Required Informed Consent

The new Federal rules enacted by the No Surprises Act allow a non-contracted medical provider to Balance Bill only after the patient is stabilized. This is often defined as a patient who is capable of safely traveling via a non-medical transportation service or one who does not require non-emergency medical transportation.

In these cases, the provider needs to give notice that the additional items and rendered services are non-contracted, and they need to include detailed information about the cost. The provider also needs to verify that the patient has received acknowledgment of the notice and that they are fully capable of consent.

It’s also important to note that this particular Informed Consent provision does not apply for fully insured health plans and those self-funded plans in Washington state. This also applies to individuals that opted into the state balance billing protections. This exception is due to the fact that the federal law does not specifically preempt state balance billing laws, except in instances where the federal protections are broader or the prevailing provisions are considered to be more favorable to patients and consumers.

Ancillary Services

When it comes to ancillary services, the Federal No Surprises Act never allows bill balancing for emergency or non-emergency services. Though there are exceptions for certain non-ancillary services that are provided at an in-network facility. The provider must inform the patient in advance of providing the service that they are non-contracted. Then the provider is required to provide the individual with a reasonable estimate of the charges.

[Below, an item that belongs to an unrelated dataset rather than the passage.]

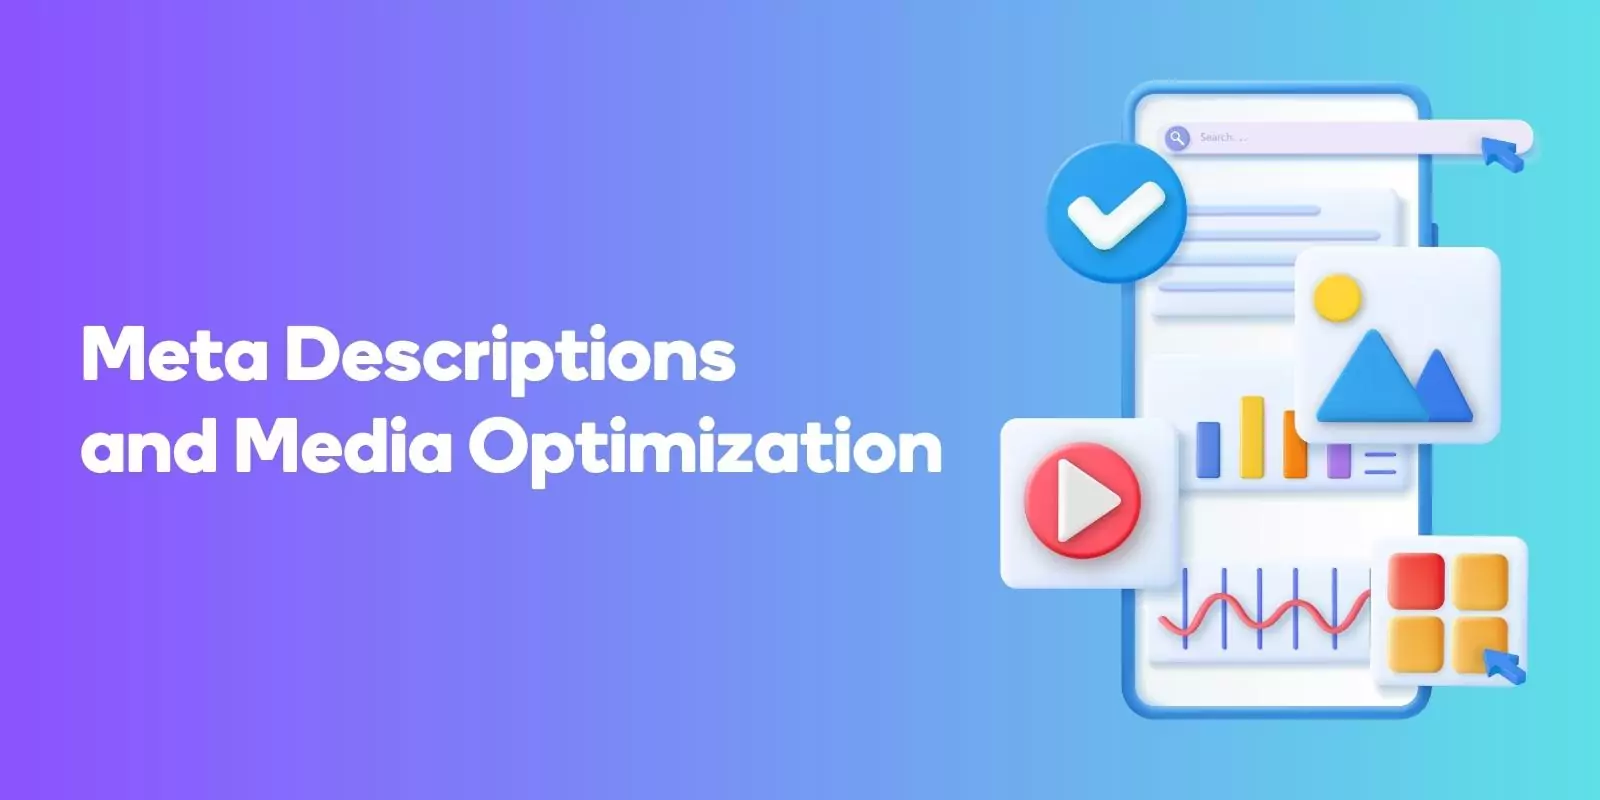 Meta Descriptions and Media Optimization

Air Ambulance Transportation

Under the Federal, No Surprises Act, air ambulance services and air ambulance providers are prohibited from balance billing if they are non-contracted. It also specifically requires health plans to cover non-contracted air ambulance services for any services that would otherwise be covered if the air ambulance provider was considered to be in-network. In these cases, they would apply in-network cost-sharing in the same way that other emergency transport services do.

It’s also worth noting air ambulance providers are also included in the Independent Dispute Resolution process, where applicable.